Солнце стояло уже высоко, когда они тронулись в путь, и Паул предупредил, что поедет без остановок, разве что даст лошадям передохнуть, но не дольше, чем необходимо. Он говорил, а сам всматривался в глубь леса по обе стороны дороги. Алис проследила за его взглядом, блуждающим между деревьев. Она плотнее завернулась в мамино пальто – в последний момент перед уходом она стащила его с крючка на кухне. Пальто пахло мамой и немножко завтраком.

Через несколько часов Паул остановил повозку у ручья, протекавшего неподалеку от дороги, чтобы напоить лошадей. Порывшись в мешке, он достал немного вяленого мяса, кусочек сыра и яблоко и протянул Алис. Девочка устроилась на камне, а торговец присел на пень, но вскоре снова поднялся, поглядывая то на нее, то на непроницаемый лес у нее за спиной.
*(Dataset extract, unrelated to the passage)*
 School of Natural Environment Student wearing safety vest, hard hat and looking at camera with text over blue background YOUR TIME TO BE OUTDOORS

Паулу было не по себе, хотя Алис позабыла собственные страхи, как только мертвая деревня скрылась из виду. Вместо этого на душу легла тяжесть, будто девочка тащила камень, такой огромный, что даже идти трудно. Но страх Паула вновь разбудил ее тревоги. Вдоль позвоночника побежали щекочущие мурашки, словно кто-то провел ей ногтем по спине.

Алис доела яблоко и поскорее вскочила с камня. Паул уже сидел в фургоне, ожидая ее. Он помог девочке залезть внутрь, и они тронулись. Вечерело, солнечный свет потускнел, и Паул неустанно всматривался в лес, вертя головой то влево, то вправо, как настороженная птица.
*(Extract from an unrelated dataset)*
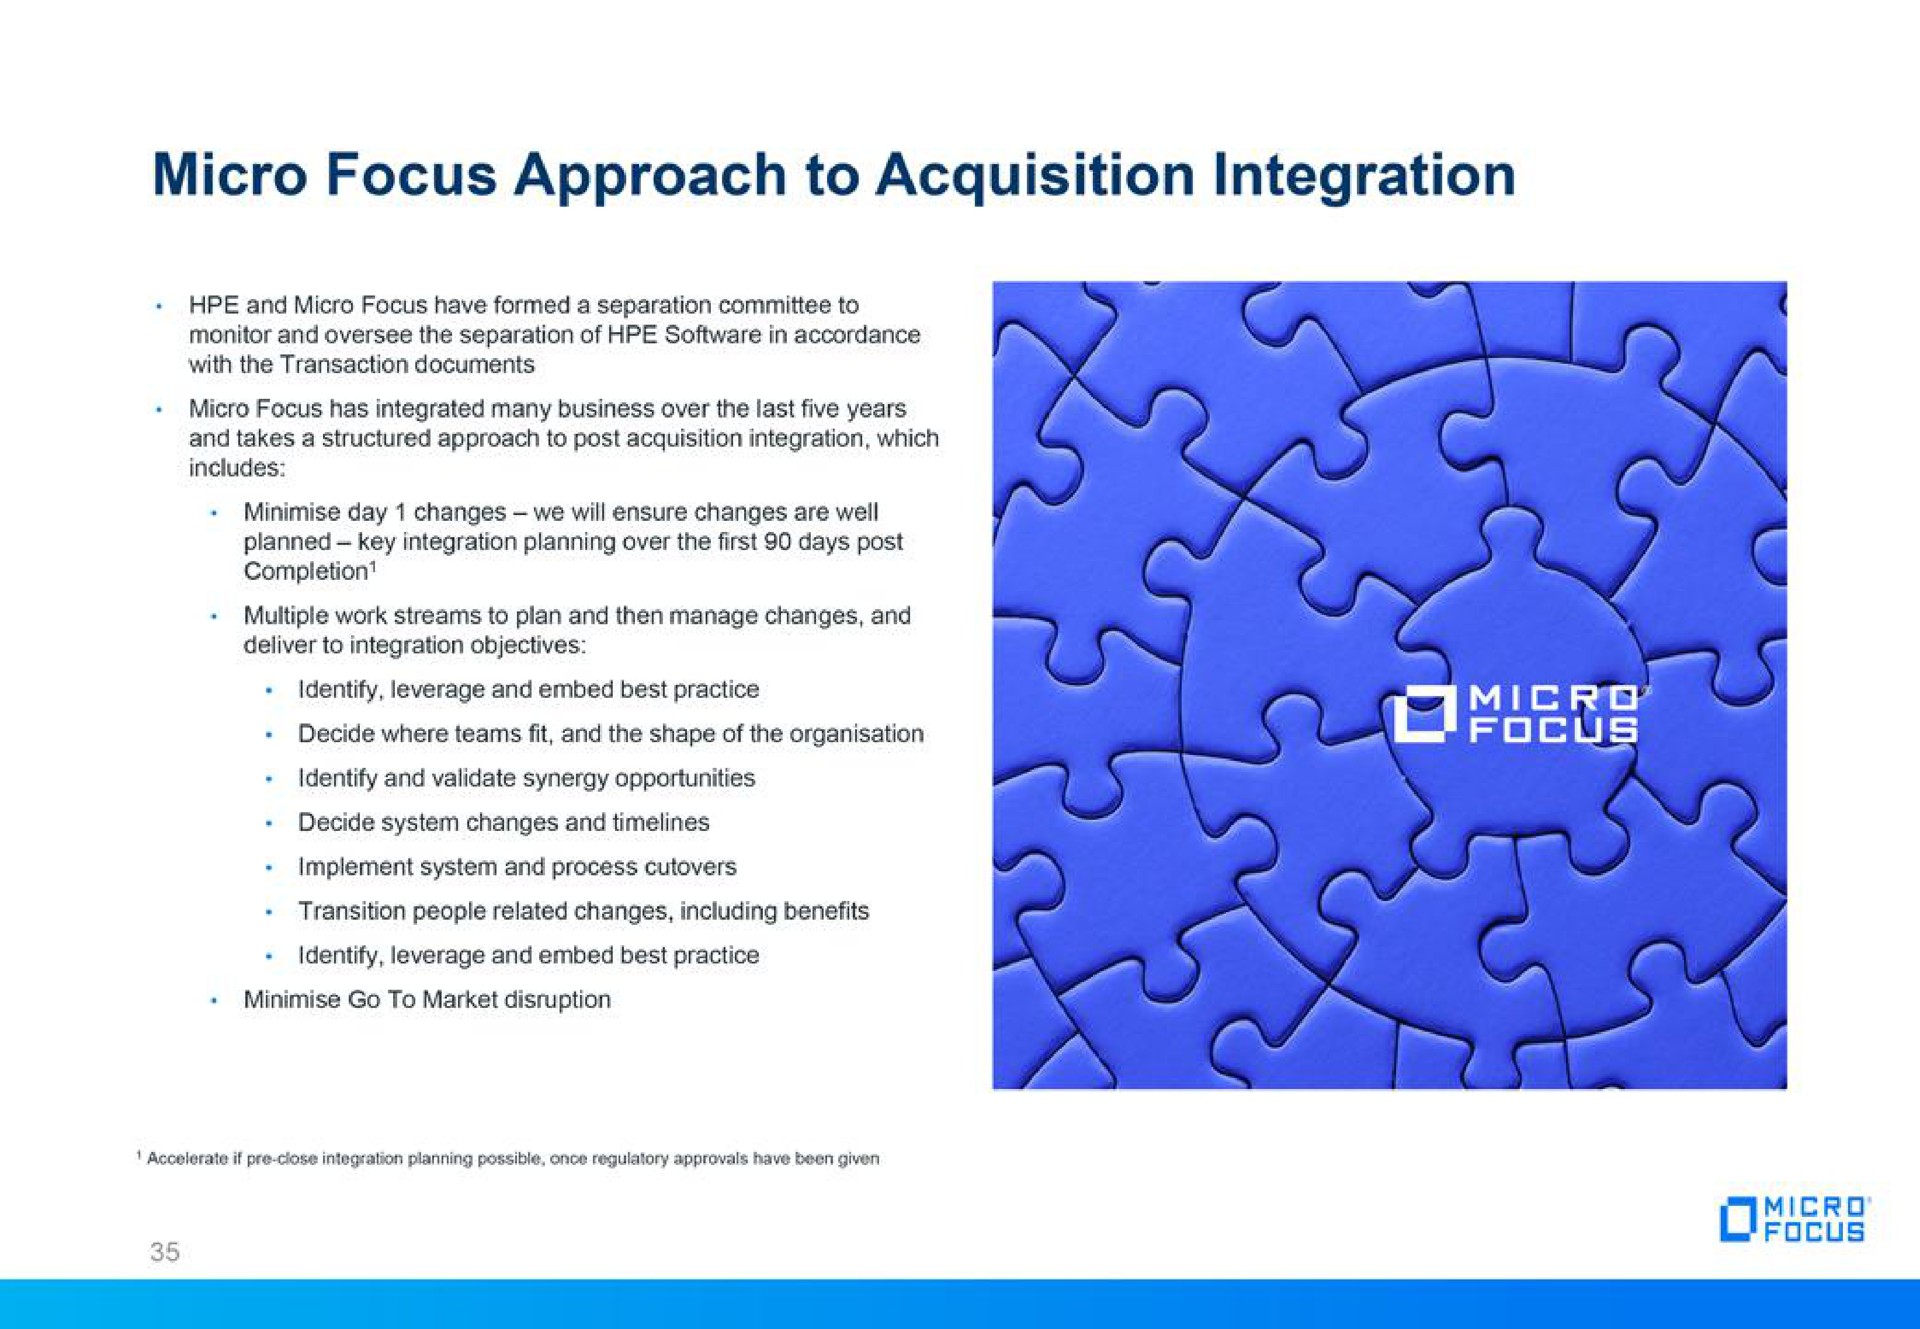 micro focus approach to acquisition integration | Micro Focus

Почувствовав взгляд своей спутницы, Паул встряхнул головой и улыбнулся:

– Нечего бояться, красавица Алис. Скоро мы доставим тебя в Дефаид, где ты будешь в тепле и безопасности.
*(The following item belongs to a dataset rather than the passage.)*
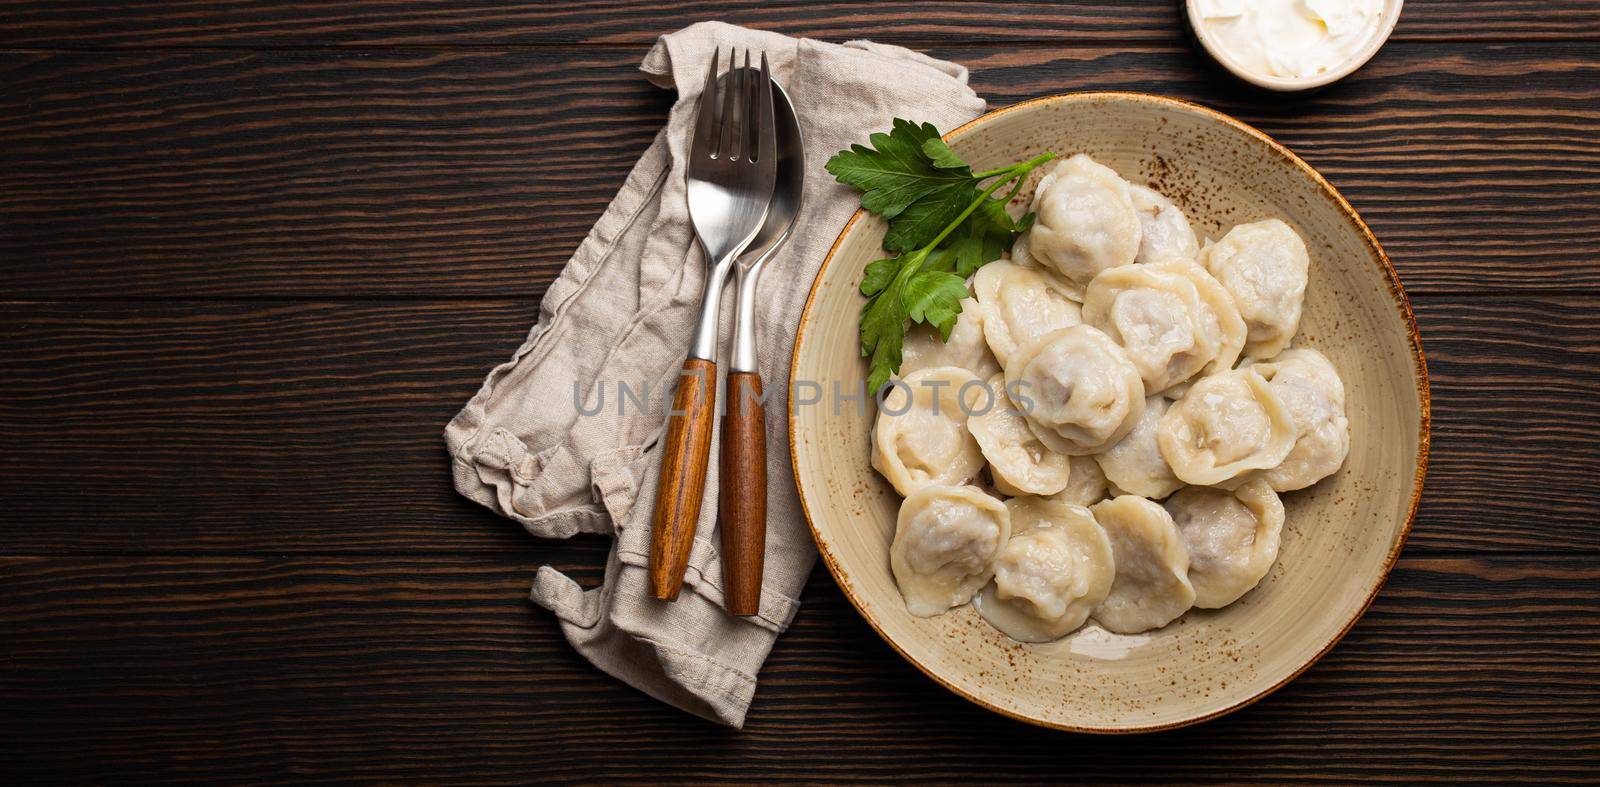 Pelmeni, traditional dish of Russian cuisine, boiled dumplings with minced meat by its_al_dente

Алис уже достаточно хорошо понимала взрослых, чтобы различить, когда они говорят вещи, в которых сами не уверены.

– А что ты там, в лесу, все время высматриваешь?

Паул зыркнул на нее и поднял глаза к небу, будто ища поддержки у пролетающей вороны. Потом он засмеялся, но без особого веселья.

– А сама-то как думаешь, девчушка? – спросил он мягко, без раздражения. – У меня нет своих детей, а ты, по-моему, слишком маленькая, чтобы слышать такое, но родители твои умерли. И в этом лесу я высматриваю то, что убило их. Думаю, ты и сама догадалась, Алис, ты ведь смышленая малышка и все схватываешь на лету. И в Дефаиде тебе лучше держаться настороже. Глазки открой пошире, а рот запри на замок, дитя. И никаких разговоров о том, что таится в лесу. Это мой тебе главный совет.

Торговец кивнул ей и снова перевел взгляд на лошадей и дорогу впереди, давая понять, что разговор окончен.

– А что таится в лесу?

Паул снова закатил глаза:

– Разве я только что не предостерегал тебя, дитя, насчет подобных разговоров?

– Ага, предостерегал, но мы же еще не в Дефаиде.

Паул издал короткий восхищенный смешок:

– Вот хитрющая девчонка! В жизни таких не встречал. – Потом его лицо снова стало серьезным. – Должен сказать, я бы тоже гадал, что к чему, случись такое с моими старика ми. – Он глянул на девочку, будто прикидывая, придется ли ей впору новое платье. – Только имей в виду, я сам толком не знаю, потому что слышал лишь всякие пересуды. Сплошные байки, больше ничего. Но сдается мне, к твоим родителям и всем остальным наведались… короче, их навестили пожиратели душ.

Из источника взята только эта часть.